The mark of a good band is not only whether they can stand the test of time, but also whether they successfully grow and evolve while doing so. Alkaline Trio, in some incarnation or another, has been around since singer Matt Skiba’s days as a Chicago bike messenger in the mid-‘90s, and each subsequent release has marked a step in their burgeoning musical growth. After the group’s first release on Vagrant, From Here to Infirmary, in 2001 began to creep them into the public eye, hopes were high for the trio. Unfortunately, with the release of 2003’s follow-up, Good Mourning, doubts began to grow in the minds of longtime fans. Could the group successfully transition from the raw early material to produced, streamlined rock songs?
The awkwardness of Good Mourning suggested a failure on the part of the band to evolve from an adolescent band to a mature band that’s all grown up and ready for the mainstream. A split EP with One Man Army a year later offered further evidence that Alkaline Trio might just want to call it quits if they couldn’t reach musical maturity. But this phase of Alkaline Trio’s relatively lengthy career was exactly that—a phase—and they have apparently outgrown it.
Crimson, the trio’s fifth full-length (sixth if you count their self-titled collection), reveals that Alkaline Trio has the potential for extreme longevity. The 13-track release is ridiculously solid, the kind of album every band tries for, but few actually deliver. The group, whose lineup has been solidified into Skiba (vocals/guitar), Dan Andriano (vocals/bass), and Derek Grant (drums), retains the foundation of their signature dark sound, overflowing with plunging guitar riffs, pounding beats, and Skiba and Andriano’s split vocals, which ricochet across the music with emotional urgency.
Although Skiba and Andriano seem far more levelheaded than the lyrics on earlier releases suggest they have been in the past, the songs on Crimson still echo with morbidity, pessimism and ghoulish references. “I used to long for a casket to call my own,” Skiba howls on “Mercy Me”, a song that recalls the group’s debut, Goddamnit. “Send us back to hell, we’ve had our fill of heaven,” Skiba later cries on “Back to Hell”, although it’s fairly clear that now, unlike on the previous albums, he doesn’t really mean it.

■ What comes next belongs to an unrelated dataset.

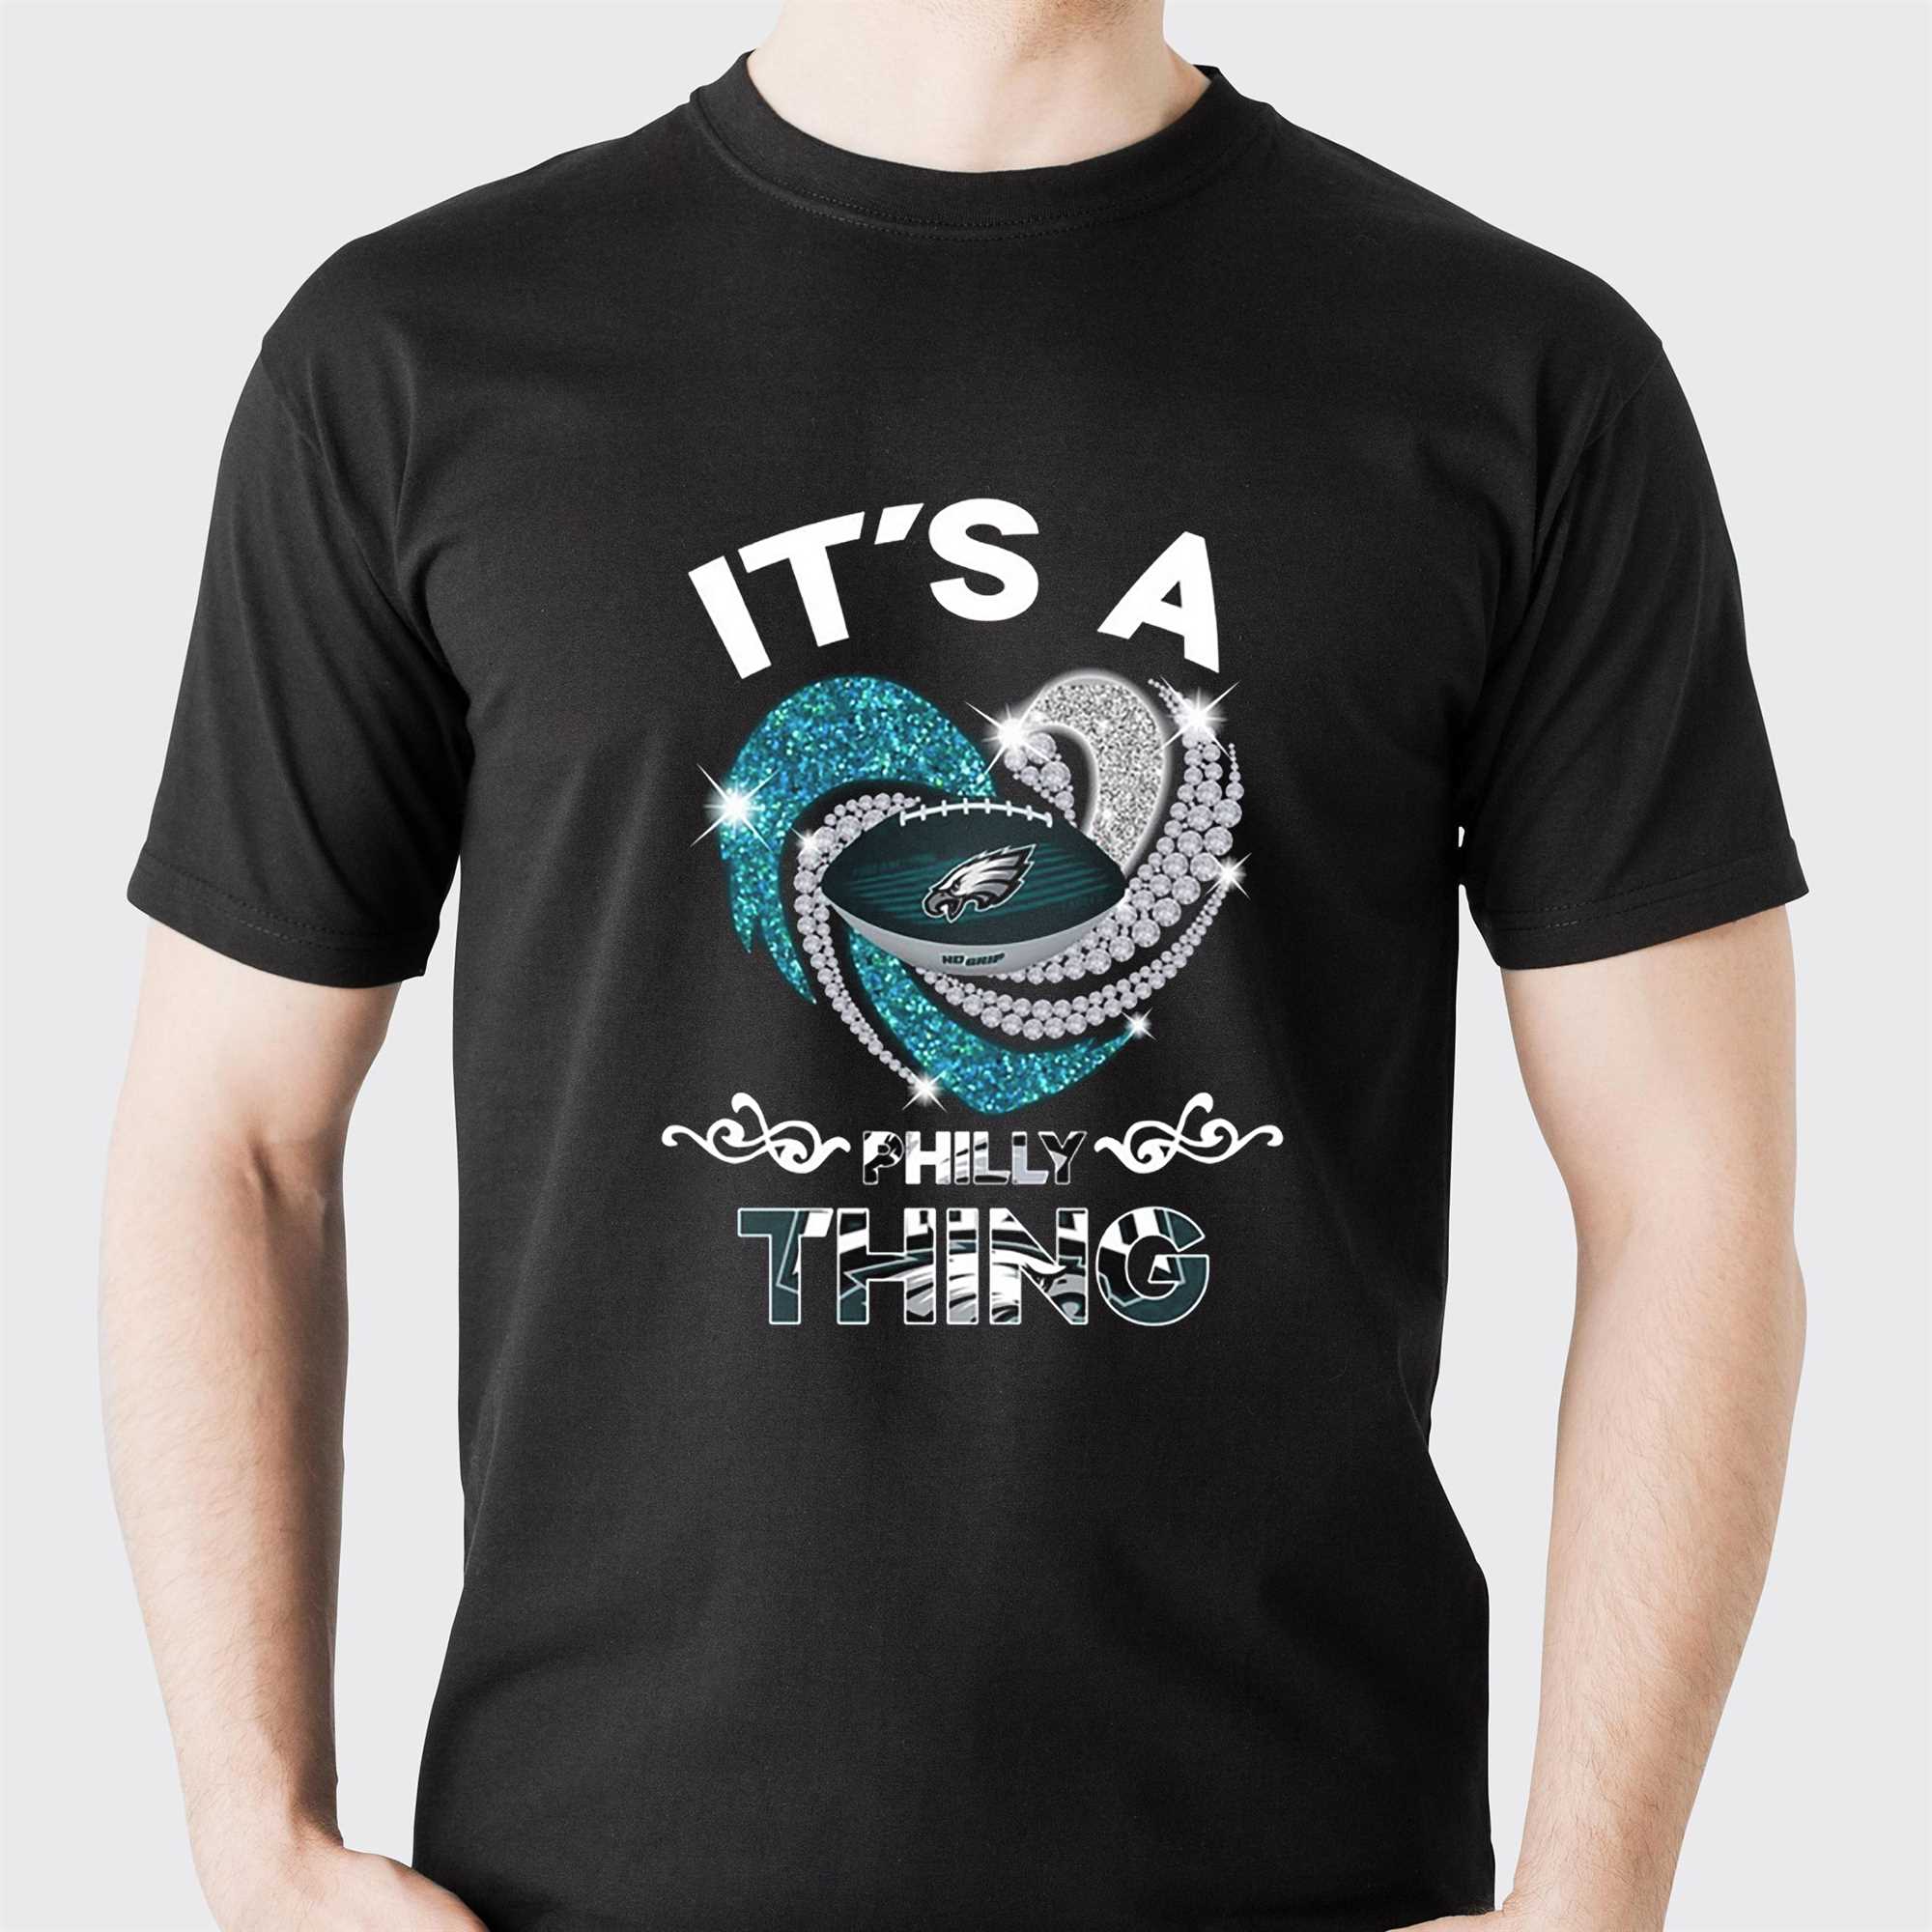 It Is A Philadelphia Eagles Thing T-shirt - Shibtee Clothing
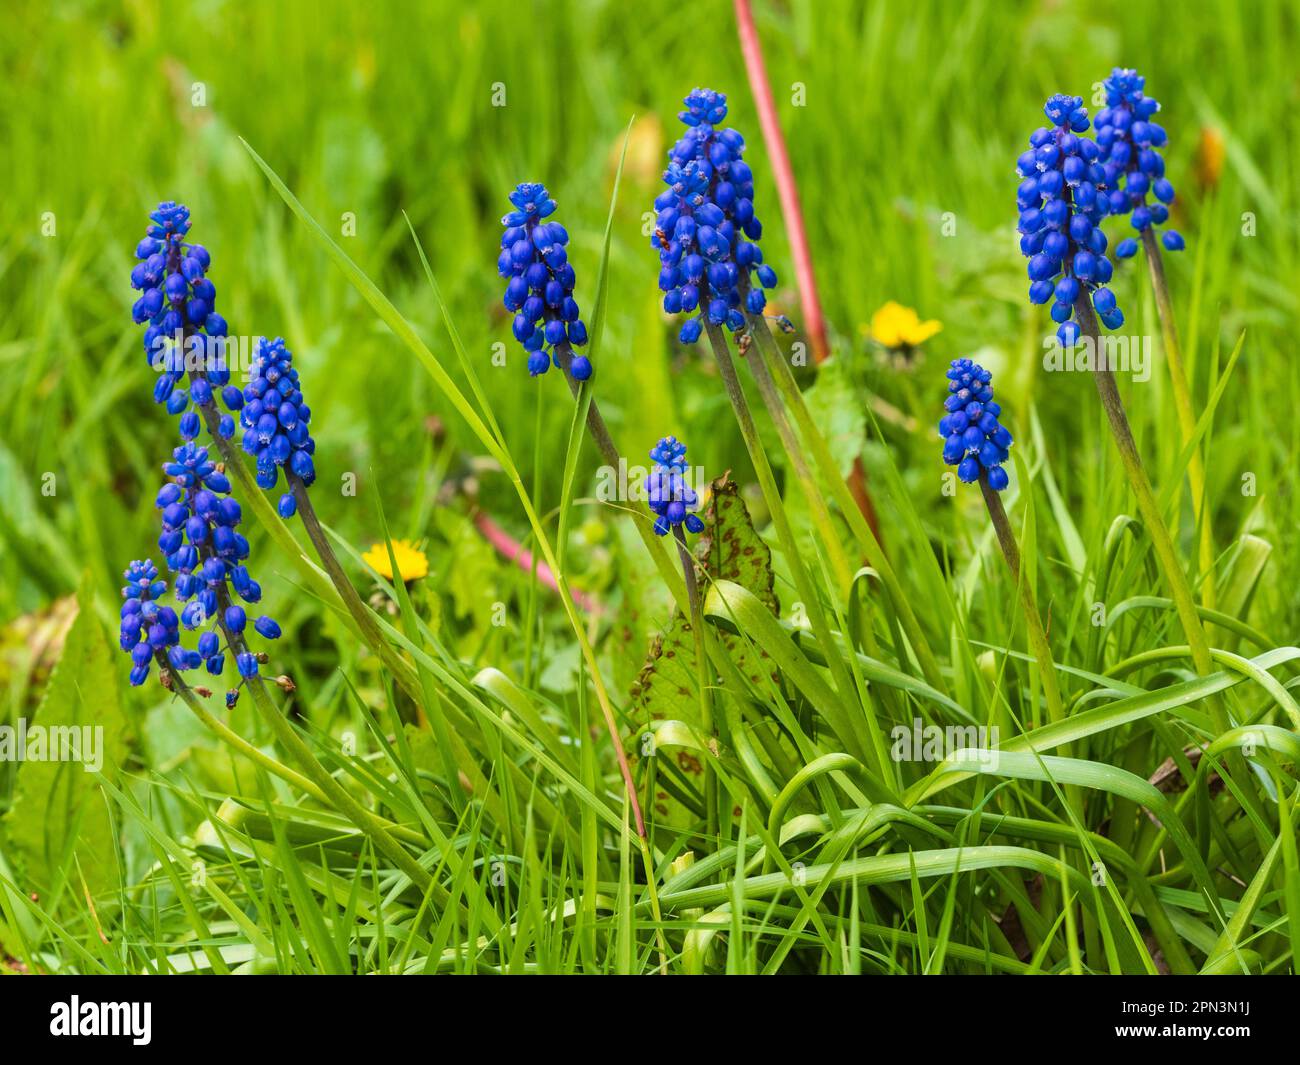 Sorgente blu Naturalised punte fiorite di bulbi di giacinto d'uva, Muscari armenaicum, in un prato inglese Foto Stock

The album’s best tracks (and there are many) are generally those penned by Skiba, although Andriano’s “The Poison” is quite possibly the group’s catchiest song to date. “Dethbed” and “Burn” are the standouts, filled with emotional and musical depth, and Skiba’s skilled lyrical poetry. “Everyone learns faster on fire,” he moans. “You live and you burn.” It is lines like these that further reveal Skiba as one of the best songwriters in whatever genre it is that his band is categorized as. My Chem’s Gerard Way can wail about death as much as he pleases, but lyrically he’s got nothing on Skiba.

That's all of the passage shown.